AI’s Potential in Health Care
The growth and increasing complexity of data in health care also makes AI potentially transformative in the sector. In drug discovery and development, for example, some companies are successfully using AI to create and optimize molecules to go into development, largely with applications in chemistry and protein engineering. Some companies are hoping to use AI to pick better targets for dugs, although we are skeptical about the near-term prospects, as the complexity of biology may pose a challenge for current AI models. Other companies are hoping to use AI and advanced computer models to better design clinical trials, although these attempts are in the very early stages.
"Most companies are using Gen AI to augment their employees’ capabilities, rather than seeking to replace them."
There is also significant potential for AI in the field of diagnostics, both traditional testing and advanced genetic tests. For traditional methods of diagnosis, like blood/serum based tests and images such as X-rays, CTs and MRIs, AI should be useful for prescreening, enhancing or even replacing human reading of test results. AI models have already been used to develop tests looking for patterns of genes that indicate cancers or the prognosis for cancer.

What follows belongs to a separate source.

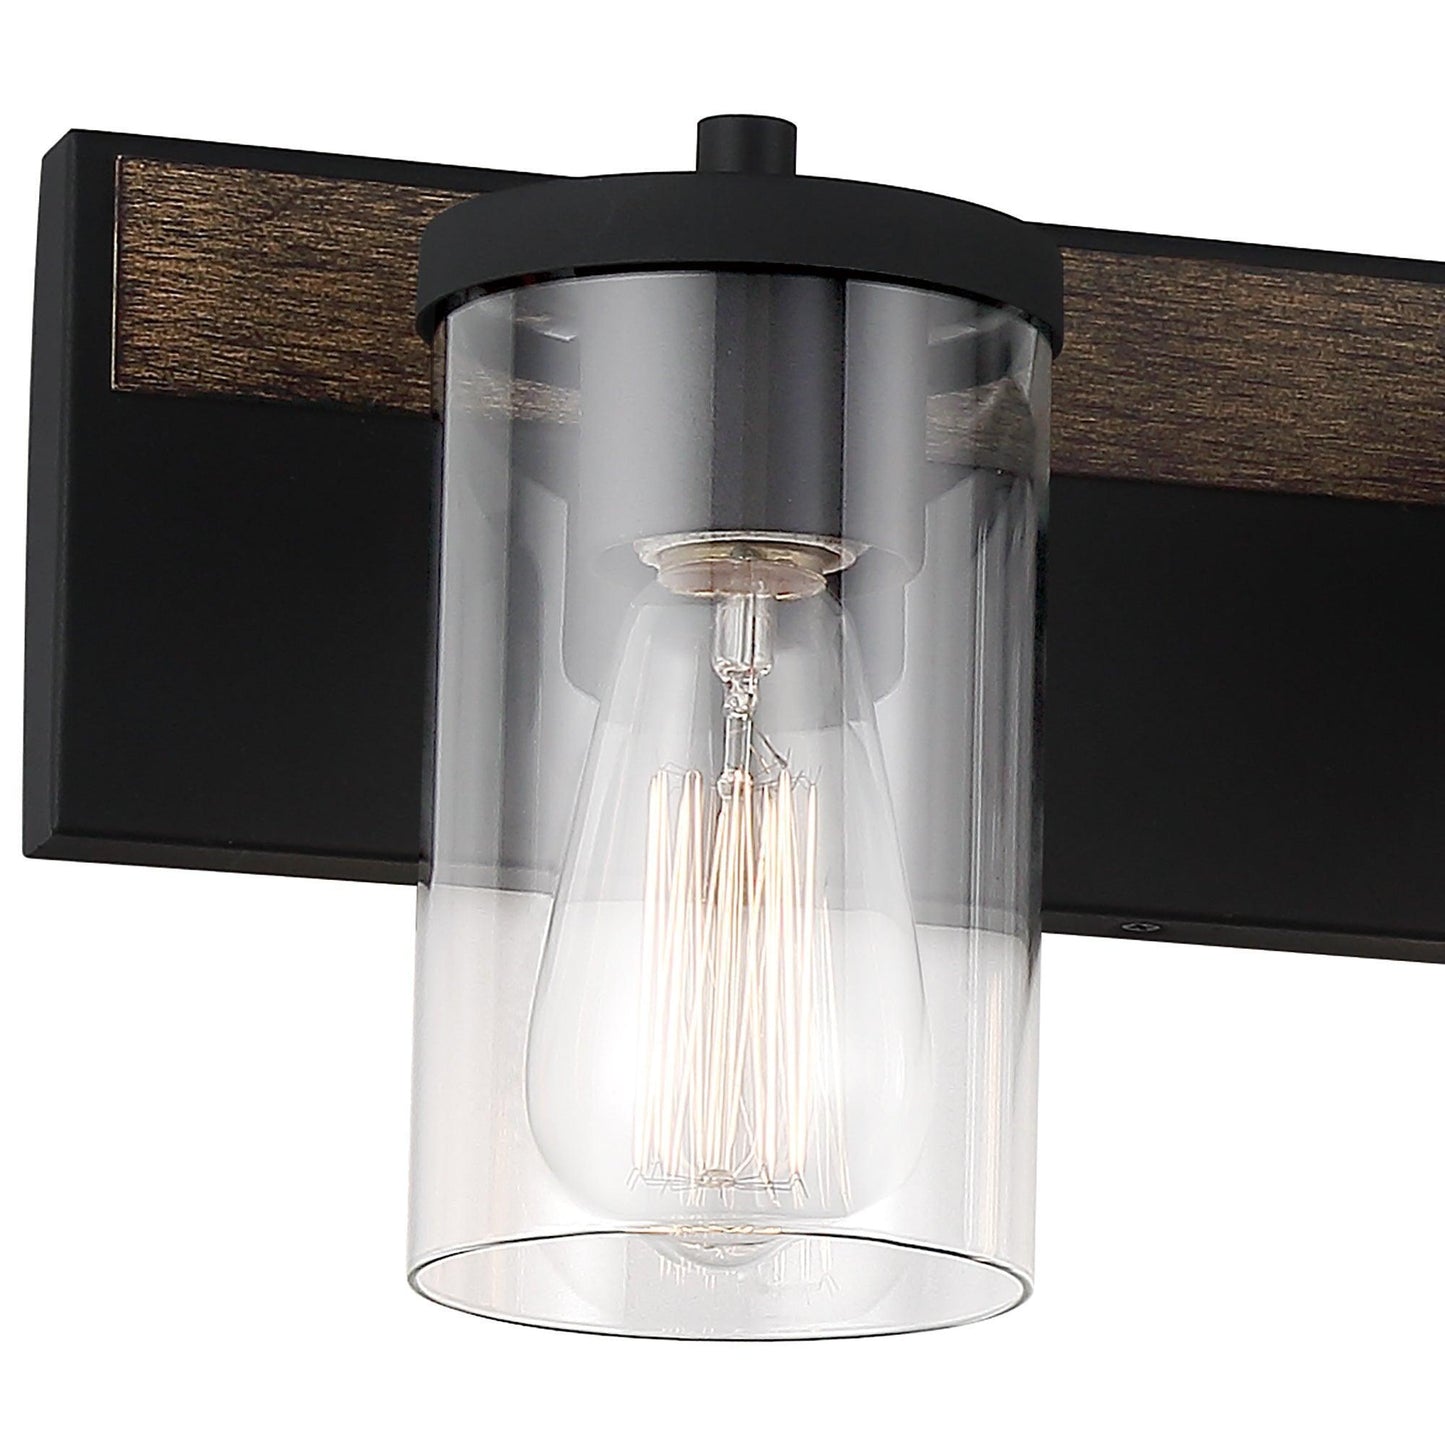 2504 | 4 - Light Dimmable Vanity Light by ACROMA™  UL - ACROMA
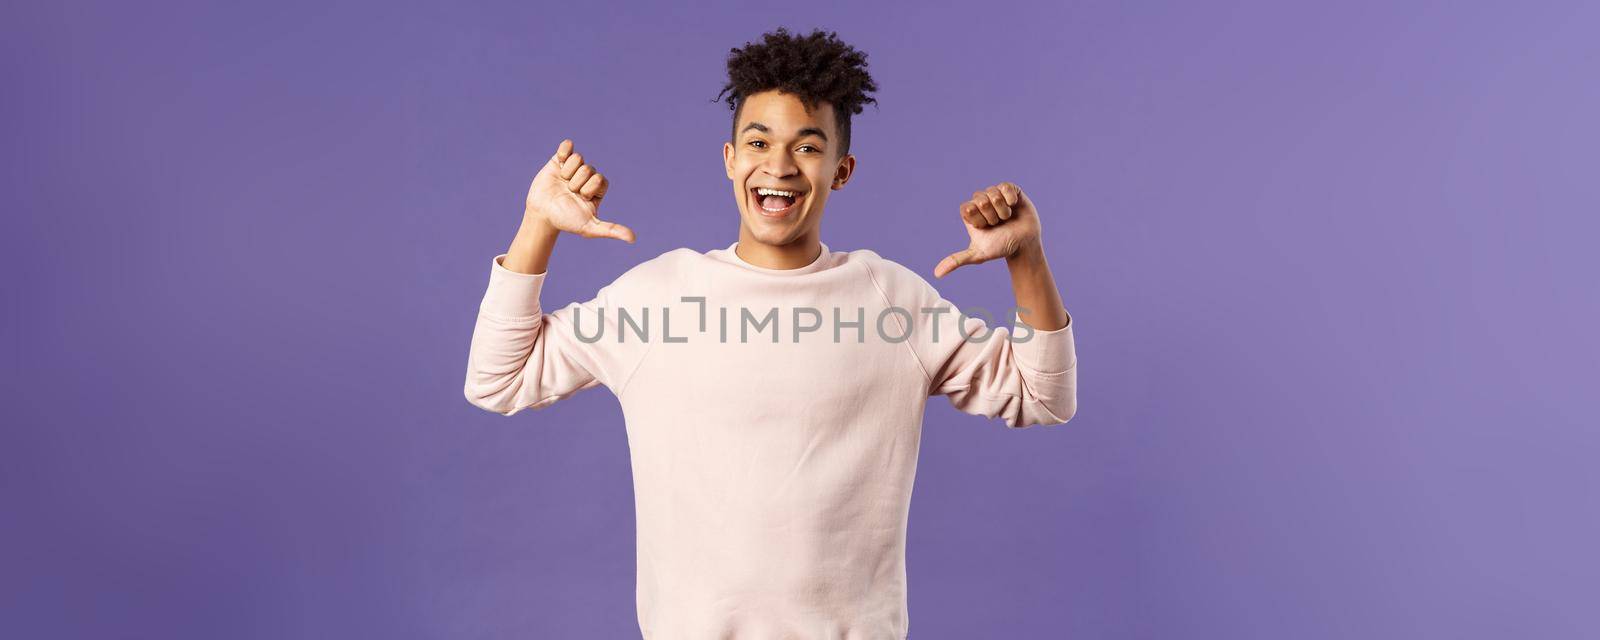 Portrait of confident young upbeat man, smiling bragging, being boastful about own accomplishments, indicate himself with proud rejoicing face, standing purple background.

Along these lines, Hologic, a medical technology company focused on women’s health and the leading manufacturer of mammography machines, is incorporating AI in its breast imaging business to assist radiologists in locating possible breast cancer lesions. Siemens Healthineers, one of the leading manufacturers of CT and MRI machines, is also incorporating AI into its imaging platforms, which provide automatic post-processing of imaging datasets through AI-powered algorithms in order to reduce basic repetitive tasks and increase diagnostic precision when interpreting medical images. The company is the global leader in AI patent applications in health care.
Conclusion
The rapid ascension of large-language model AI in 2023 has made the technology relevant to companies’ futures in nearly every sector. It will be important for AI to be firmly tied to sustainable futures, and we will continue to monitor how ClearBridge portfolio companies and the market at large are navigating AI’s sustainability-related opportunities and risks.